§ Collected data
== == ==
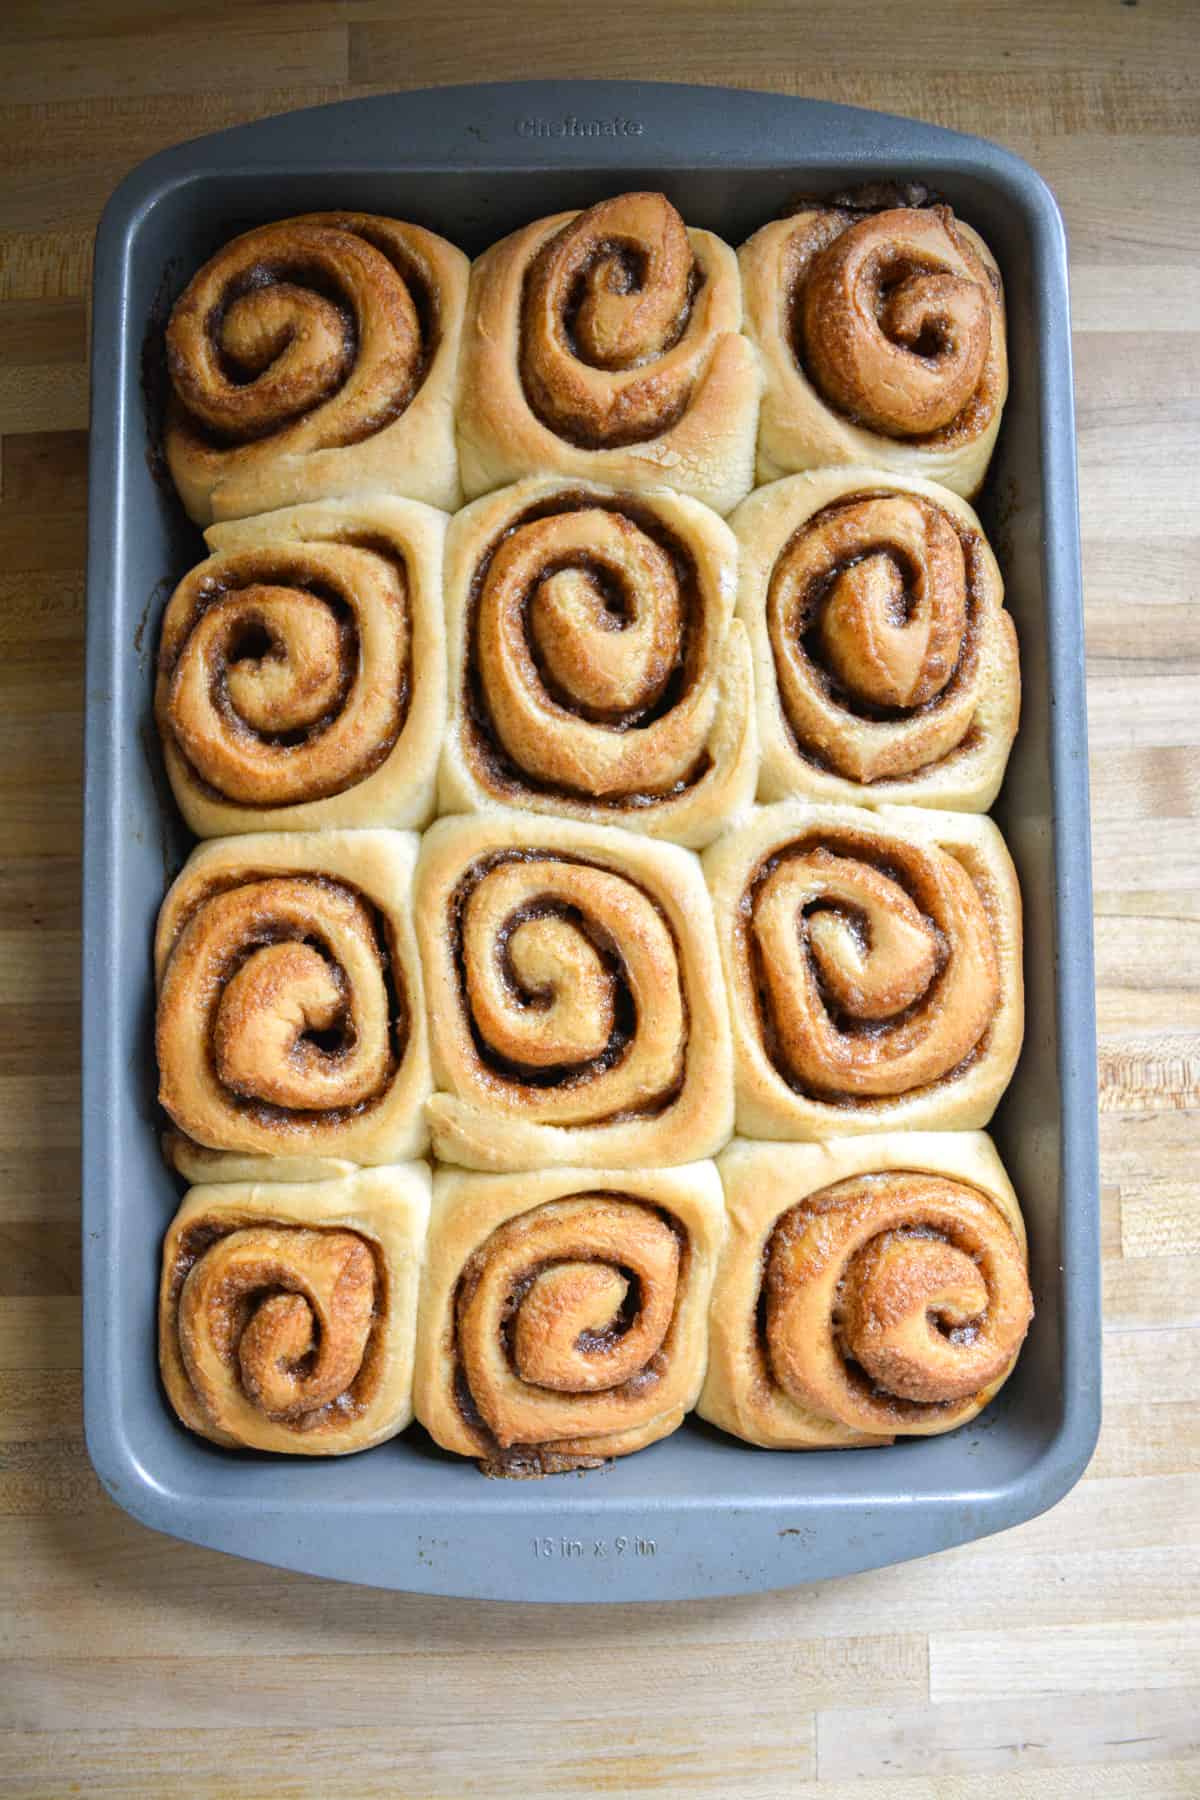 Baked cinnamon rolls in a 9 by 13 baking pan.
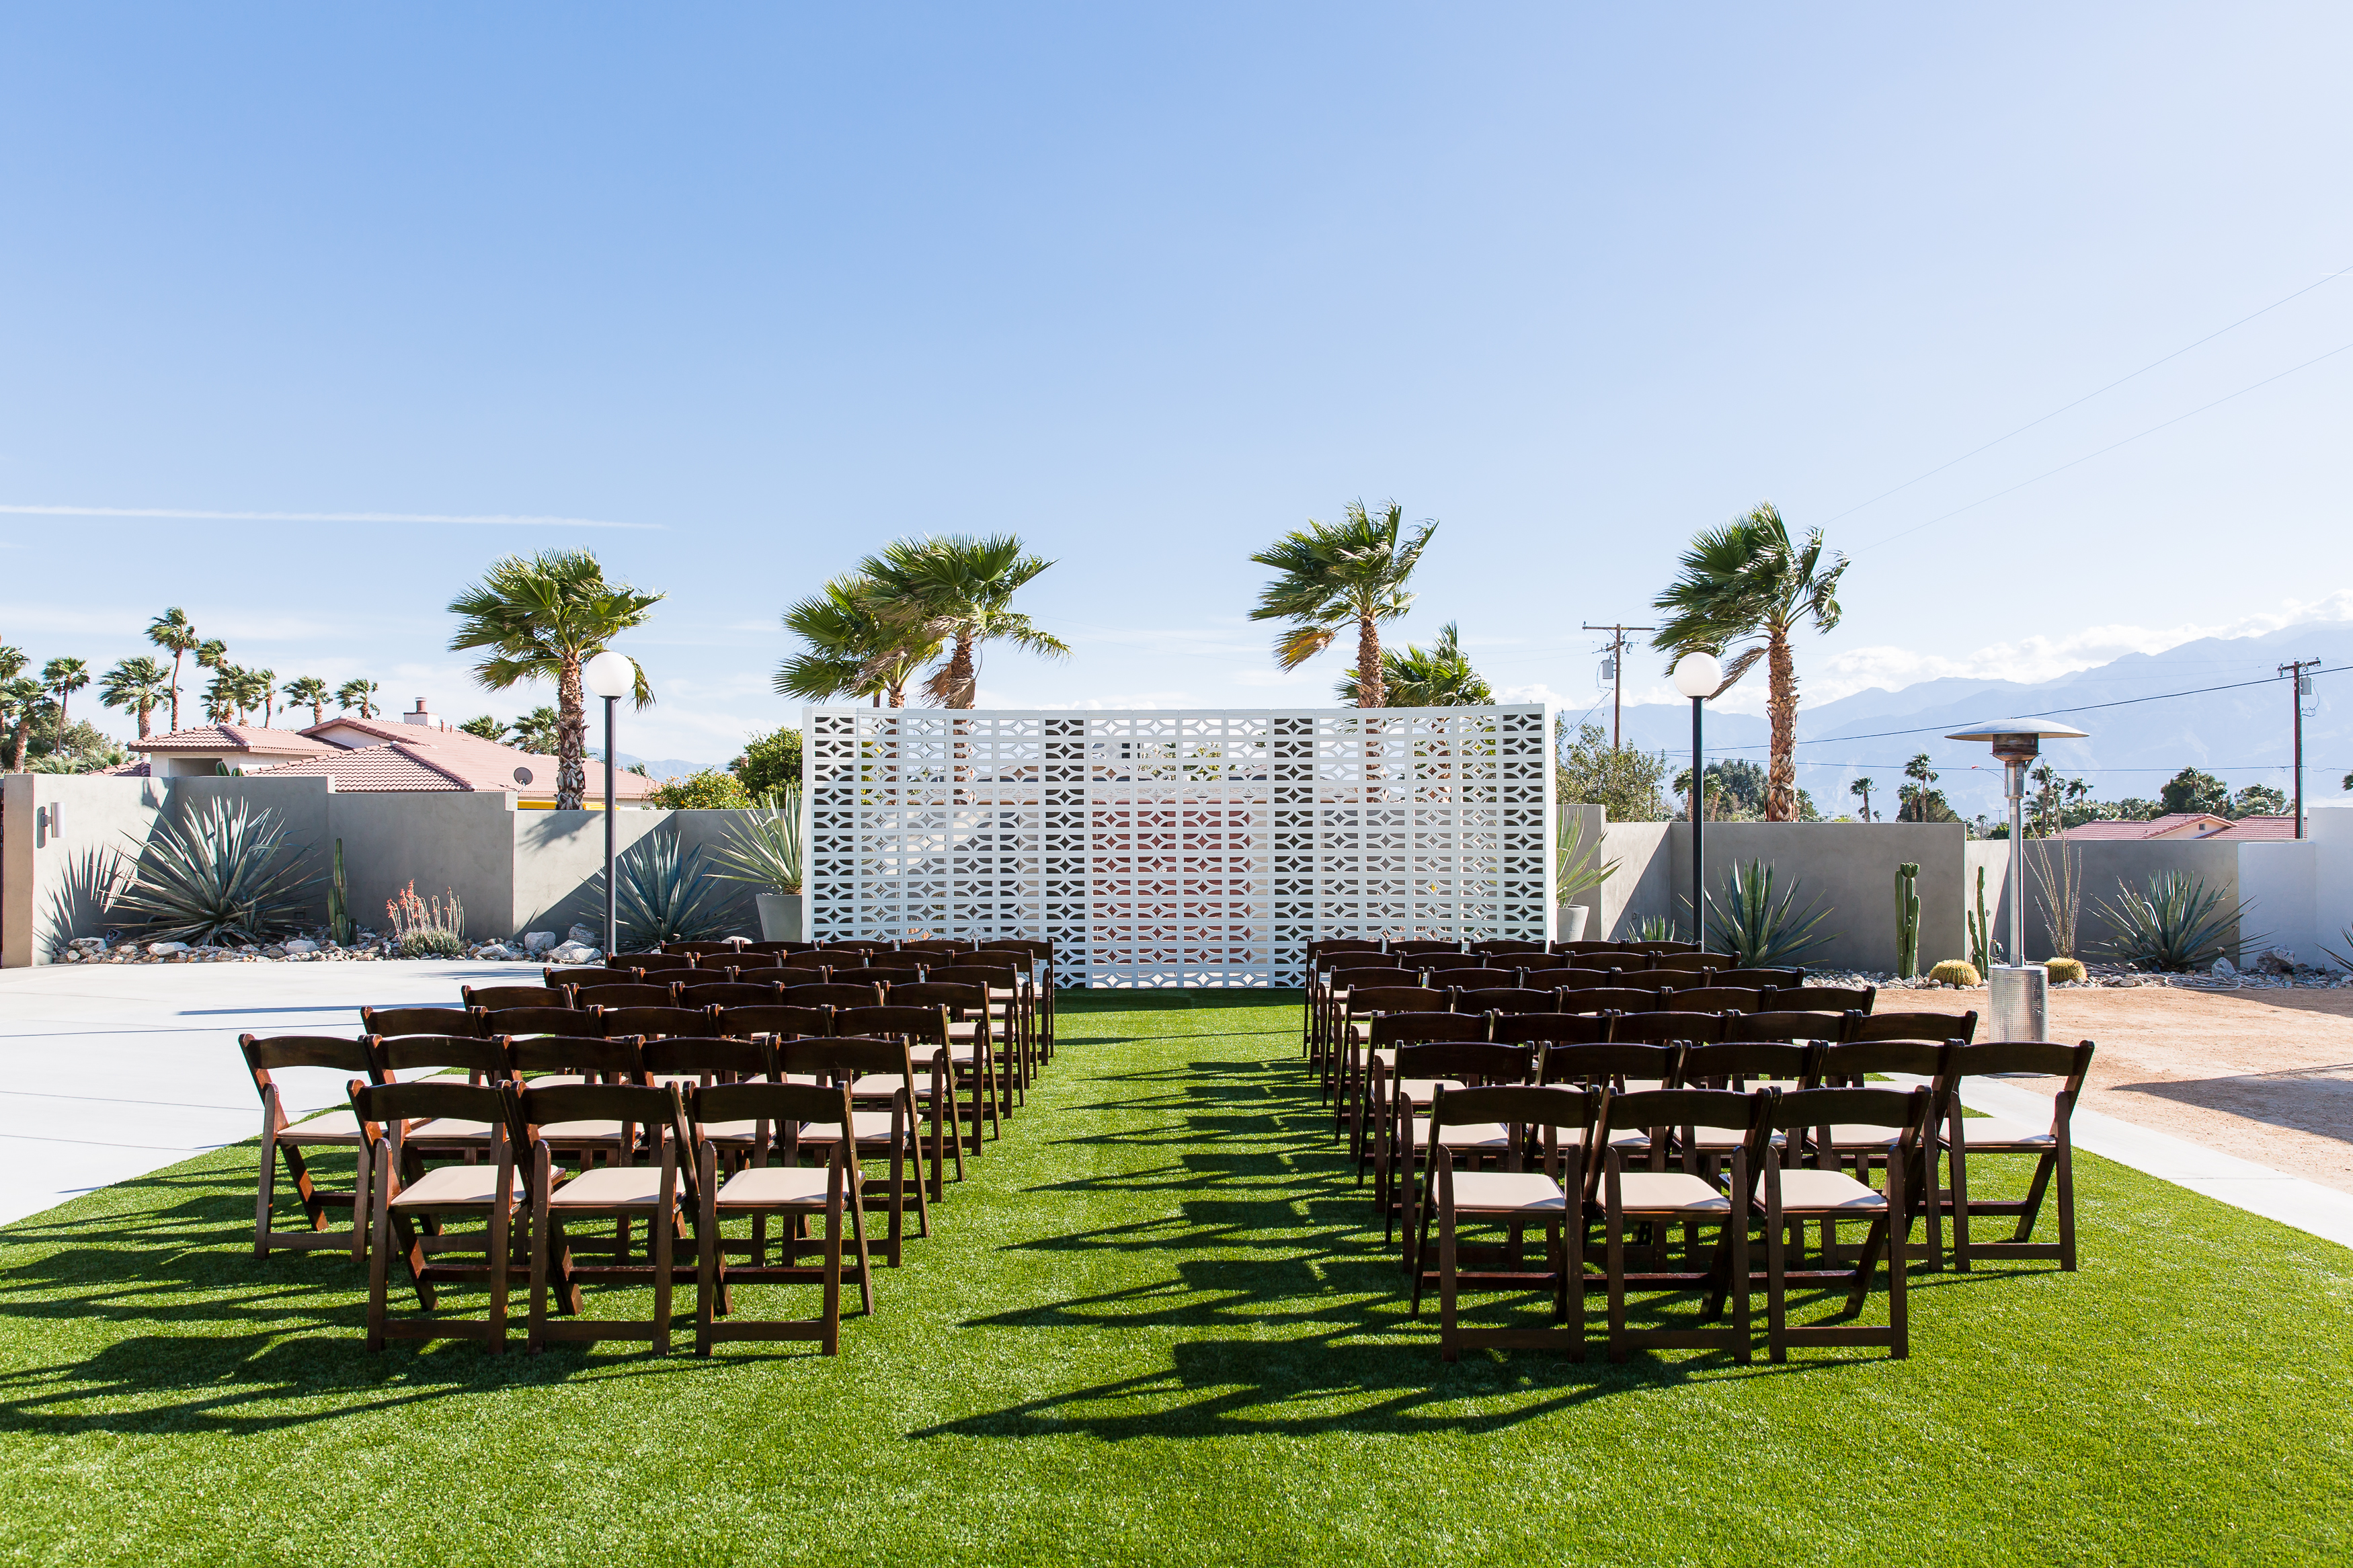 Wedding ceremony site at The Lautner in Desert Hot Springs, CA
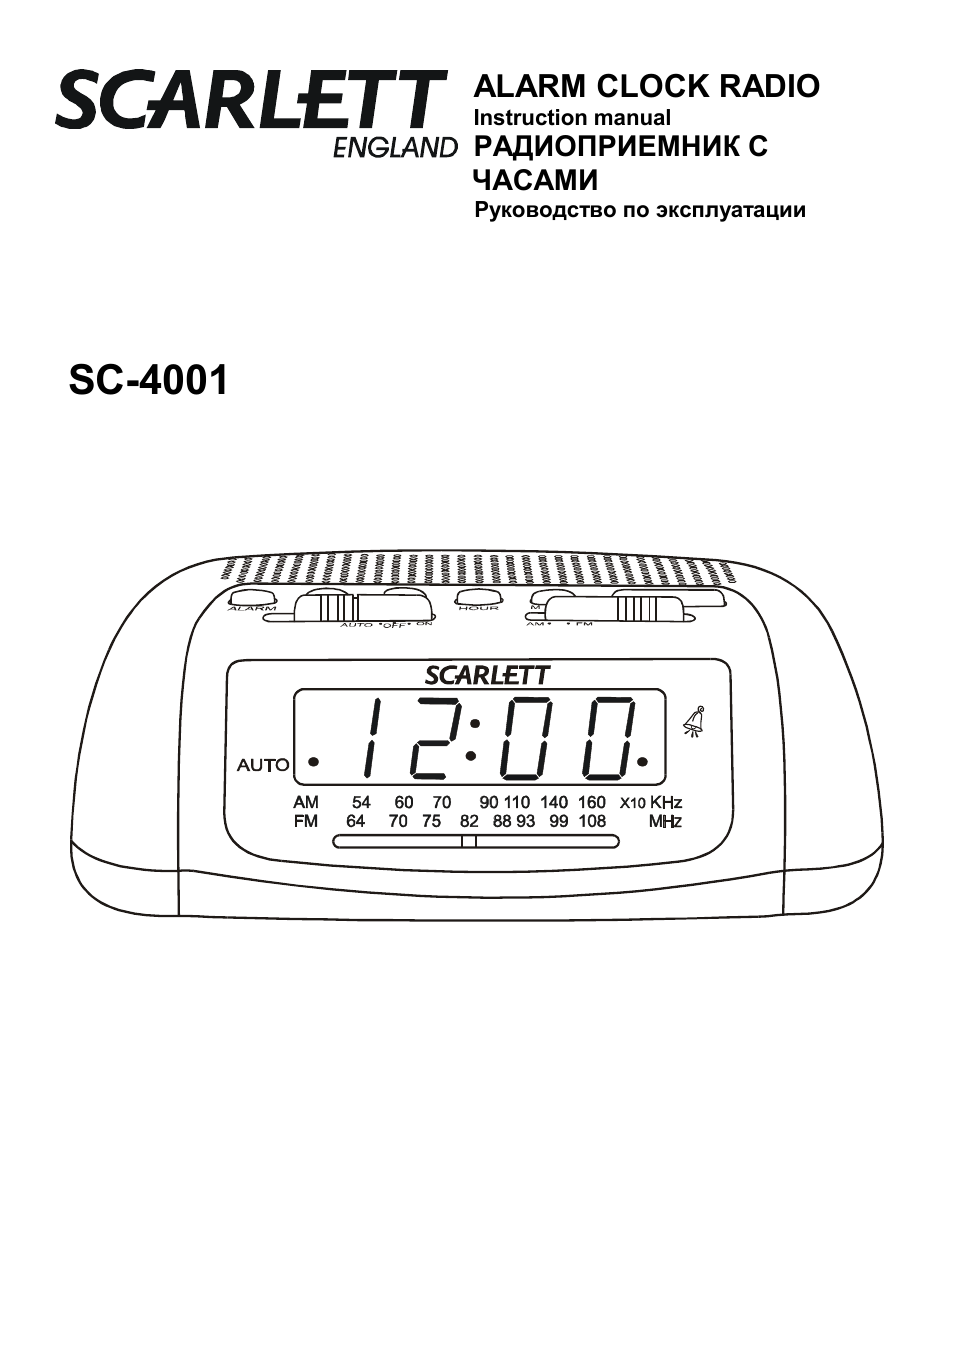 SC-4001
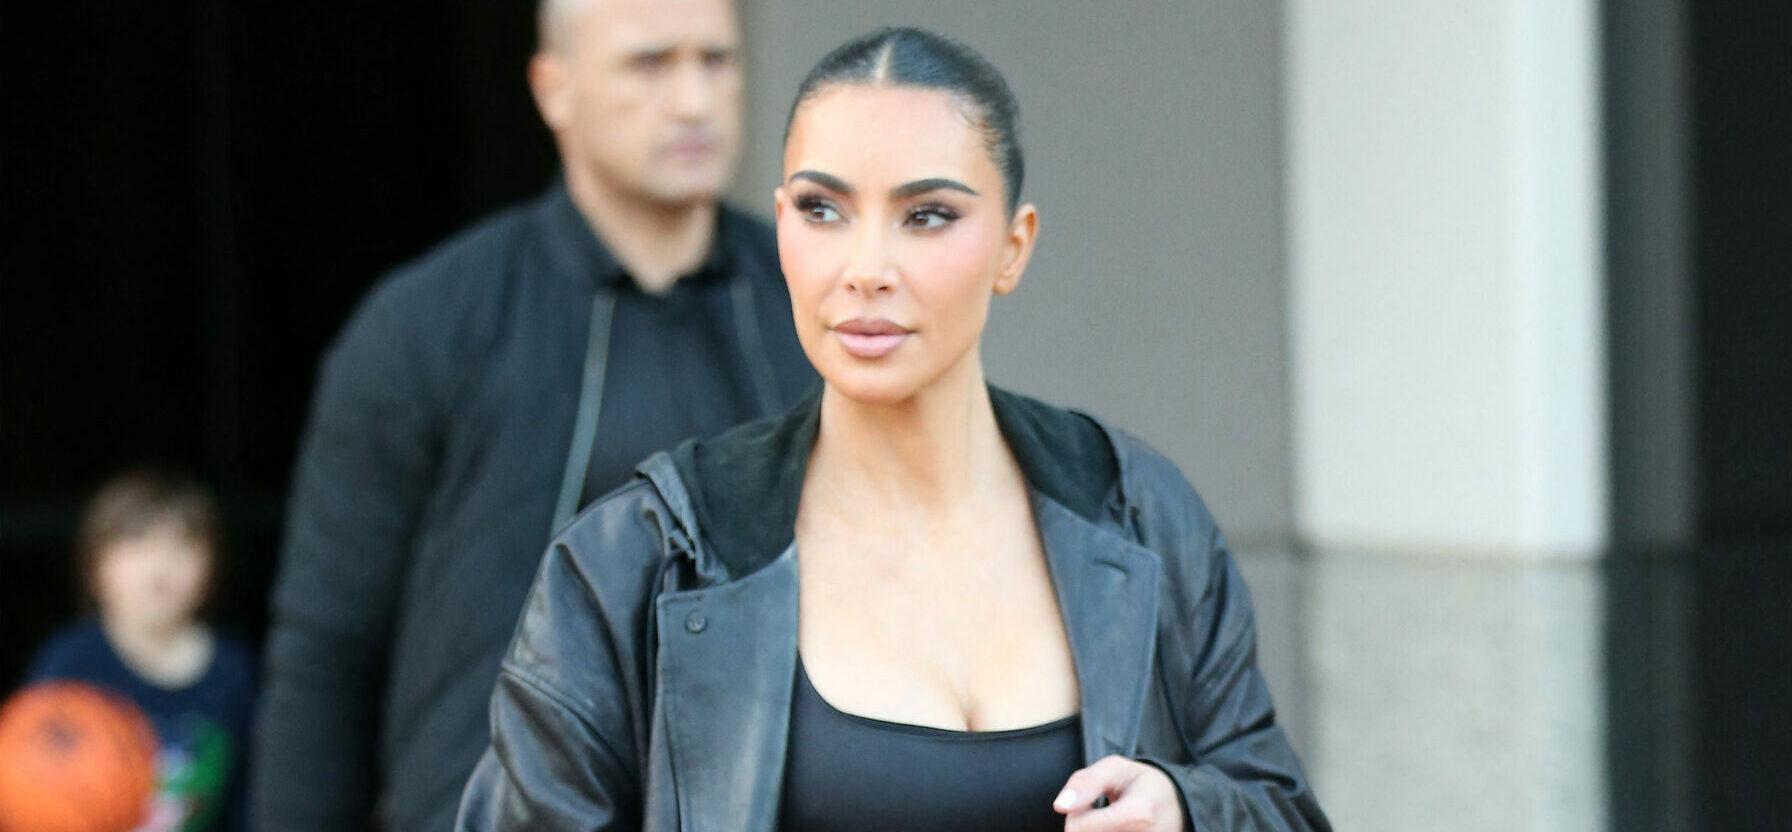 Kim Kardashian wears a long black leather jacket as she is seen leaving a basketball game in Thousand Oaks Ca
== == ==
§ Try it
From the first line to the last, write out the data above exactly. Omit the pictures.

§ Exercise response
 Baked cinnamon rolls in a 9 by 13 baking pan.
 Wedding ceremony site at The Lautner in Desert Hot Springs, CA
 SC-4001
 Kim Kardashian wears a long black leather jacket as she is seen leaving a basketball game in Thousand Oaks Ca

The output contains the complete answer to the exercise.